1. (1 point) Explain why inflation can be damaging to an economy?
High level of inflation creates risk – it is typically more difficult to predict what the
actual inflation will be in the future if one expects inflation to be high (e.g., if the
expected inflation is 15% it wouldn’t be unusual to observe the actual inflation of
20%, whereas it would be unusual to observe 7% inflation if the expected level is
2%). The inflation risk is systemic and therefore not diversifiable. In addition,
constantly changing prices reduce the effectiveness of money as a store of value
(people would prefer to hold other assets). Money can even lose its ability to
perform the role of a means of payment if the inflation is very high (hyperinflation)
– people may stop accepting currency because it loses value so fast. Money should be
able to perform all its functions for the whole financial system to function smoothly
(which in turn is necessary for non-financial economy to perform well).
2. (2 point) Explain how the emergence and growth of electronic money (like
PayPal) will affect the ability of central banks to control inflation?
The ability of a central bank to control inflation ultimately depends on its ability to
control the amount of money in circulation. Central banks have considerable
amount of control over the amount of money in their respective economies because
they have monopoly over printing currency and creating reserves (this control is not
perfect, especially in more developed countries).

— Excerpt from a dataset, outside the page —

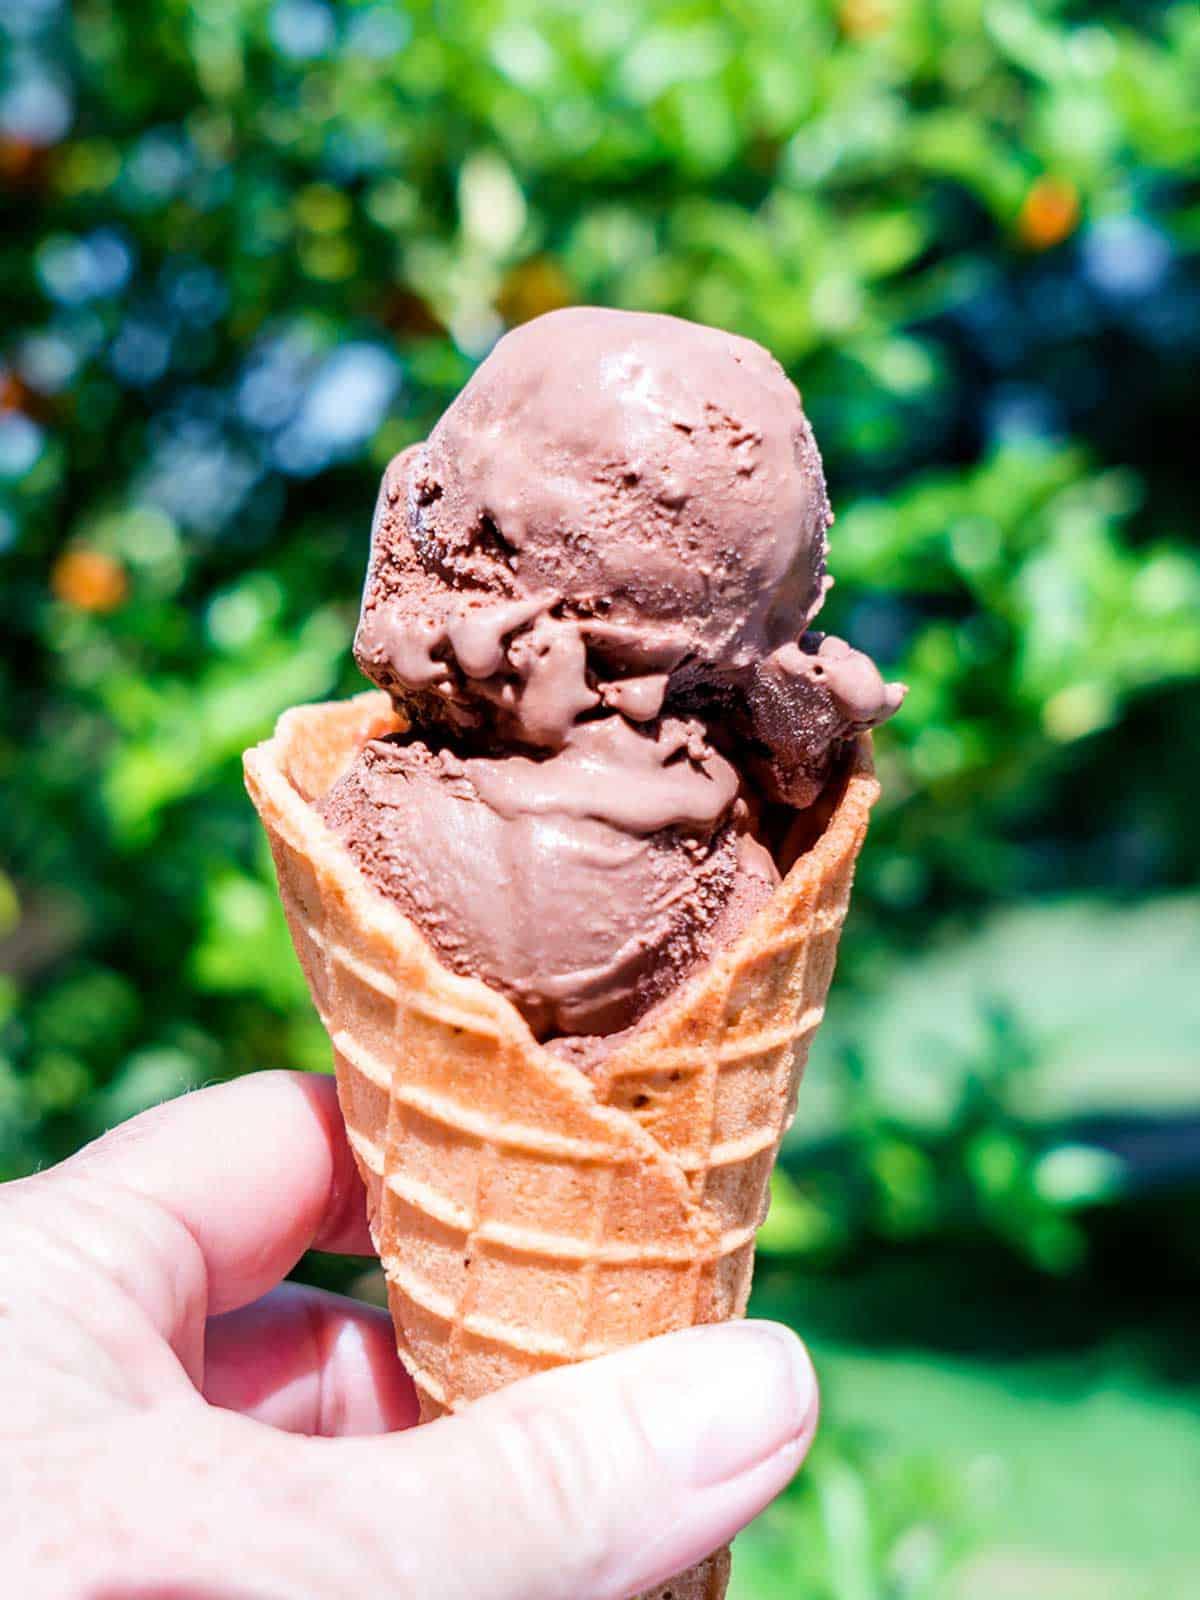 Triple Chocolate Ice Cream in Waffle Cone

At the same time central banks do
not have any control over electronic money (electronic money is not issued by
central banks) so their ability to manage inflation are diminished because of the
spread of electronic money.
3. (2 points) The main goal of most central banks in the world is price stability.
However, some central banks (Federal Reserve, for example) do not specify what
exactly “price stability” means. Others (like European Central Bank) define
explicit objective expressed in terms of rate of change in specific price index.
What are the advantages of the two strategies?
A central bank that sets explicit objectives (like target level of inflation) is clearly
more transparent and accountable. This strategy gives credibility to the central
bank itself and its policies. Credibility reduces risk – if a central bank says that the
inflation will be between 1 and 3% and the inflation always is between 1 and 3%,
market participants will tend to believe statements made by the central bank. If a
central bank never promises or (worse) promises but never delivers on the promises,
there would be no reason to expect that inflation will fall between 1 and 3%. If
inflation is less predictable – there is more risk.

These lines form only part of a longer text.